Member of the Sabah State Legislative Assembly for Matunggong
- Incumbent
- Assumed office 9 May 2018
- Preceded by: Jelani Dasanap (Independent)
- Majority: 1,687 (2018) 1,510 (2020) 334 (2025)

Secretary-General of the United Sabah Party
- Incumbent
- Assumed office 1 July 2022
- President: Maximus Ongkili (2022–2024) Joachim Gunsalam (Acting) (since 2024)
- Assistant: Jonnybone J Kurum
- Preceded by: Joniston Bangkuai

Information Chief of the United Sabah Party
- In office 4 January 2021 – 30 June 2022
- President: Maximus Ongkili
- Assistant: Jonnybone J Kurum
- Preceded by: Joniston Bangkuai
- Succeeded by: Joniston Bangkuai

Personal details
- Born: Julita Mojungki Kudat, Sabah, Malaysia
- Party: People's Justice Party (until 2014) United Sabah Party (PBS) (since 2014)
- Other political affiliations: Pakatan Rakyat (PR) (–2014) Barisan Nasional (BN) (2014–2018) Gabungan Rakyat Sabah (GRS) (since 2020)
- Spouse(s): Datuk Wilfred Jublee
- Occupation: Politician

= Julita Mojungki =

Malaysian politician

Julita Mojungki is a Malaysian politician who has served as State Minister of Women, Health and Community Wellbeing of Sabah in the Gabungan Rakyat Sabah (GRS) state administration under Chief Minister Hajiji Noor since December 2025, State Assistant Minister of Finance of Sabah under Ministers Hajiji Noor and Masidi Manjun from October 2022 until November 2025 and State Assistant Minister of Community Development and People's Wellbeing of Sabah under Minister Shahelmey Yahya from October 2020 to October 2022, as well as Member of Sabah State Legislative Assembly (MLA) for Matunggong since May 2018. She is a member of the United Sabah Party (PBS), a component party of the GRS coalition and was a member of the People's Justice Party (PKR), a component party of formerly the Pakatan Rakyat (PR) coalition.

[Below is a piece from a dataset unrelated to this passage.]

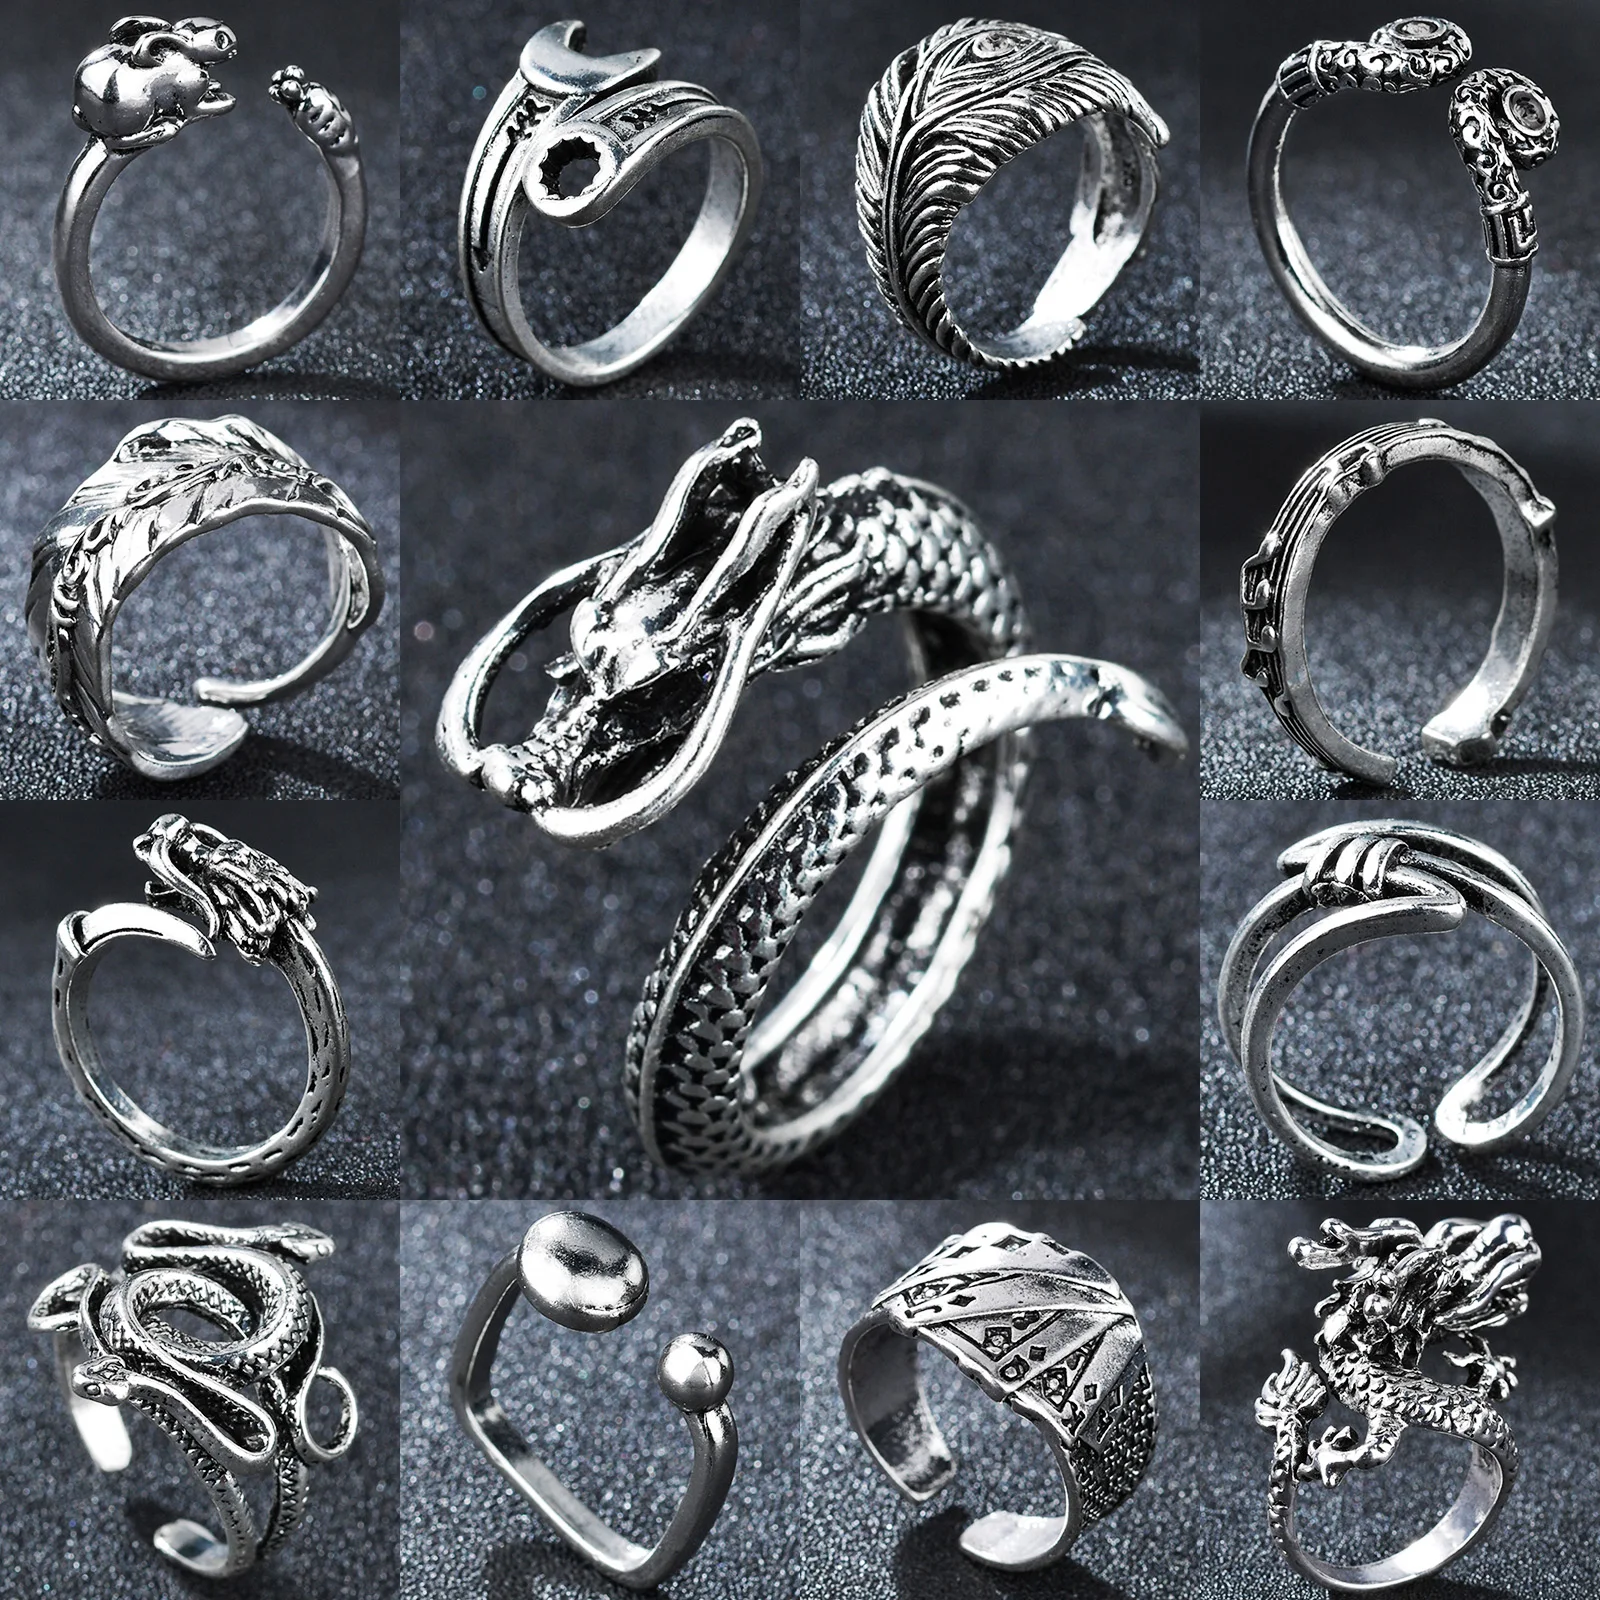 Adjustable Vintage Silver Color Punk Dragon Rings For Men Women Biker Rock Opening Ring Gothic Cool Valentine's Day Jewelry Gift

She has also served as the Secretary-General of PBS since July 2022 and Information Chief of PBS from January 2021 to July 2022.

== Election results ==

Sabah State Legislative Assembly
| Year | Constituency | Candidate |  | Votes | Pct | Opponent(s) |  | Votes | Pct | Ballots cast | Majority | Turnout |
| 2018 | N04 Matunggong |  | Julita Mojungki (PBS) | 6,946 | 41.80% |  | Sazalye Donol Abdullah (PKR) | 5,259 | 31.64% | 17,248 | 1,687 | 75.30% |
|  | Marunsai Dawai (STAR) | 2,968 | 17.86% |
|  | Jornah Mozihim (PCS) | 1,348 | 8.11% |
|  | Rahim Madhakong (PKS) | 98 | 0.59% |
| 2020 | N05 Matunggong |  | Julita Mojungki (PBS) | 4,369 | 39.09% |  | Richard Kastum (PBRS) | 2,859 | 25.58% | 11,176 | 1,510 | 65.31% |
|  | Sazalye Donol Abdullah (PKR) | 1,680 | 15.03% |
|  | Paul Porodong (IND) | 1,069 | 9.57% |
|  | Sarapin Magana (PCS) | 843 | 7.54% |
|  | Hibin Masalin (GAGASAN) | 223 | 2.00% |
|  | Ronald Tampasok (IND) | 82 | 0.73% |
|  | Joseff Emmanuel (IND) | 51 | 0.46% |
| 2025 |  | Julita Mojungki (PBS) | 9,096 | 47.25% |  | Wetrom Bahanda (KDM) | 8,762 | 45.52% | 19,469 | 334 | 66.80% |
|  | Jornah Mozihim (WARISAN) | 1,138 | 5.91% |
|  | J Ojilim Asam (IMPIAN) | 133 | 0.69% |
|  | Ainin Ekon (IND) | 75 | 0.39% |
|  | Freddy Chong Yee Vui (PKS) | 45 | 0.23% |

==Honours==
- Sabah
  - Commander of the Order of Kinabalu (PGDK) – Datuk (2020)
  - Grand Star of the Order of Kinabalu (BSK) (2012)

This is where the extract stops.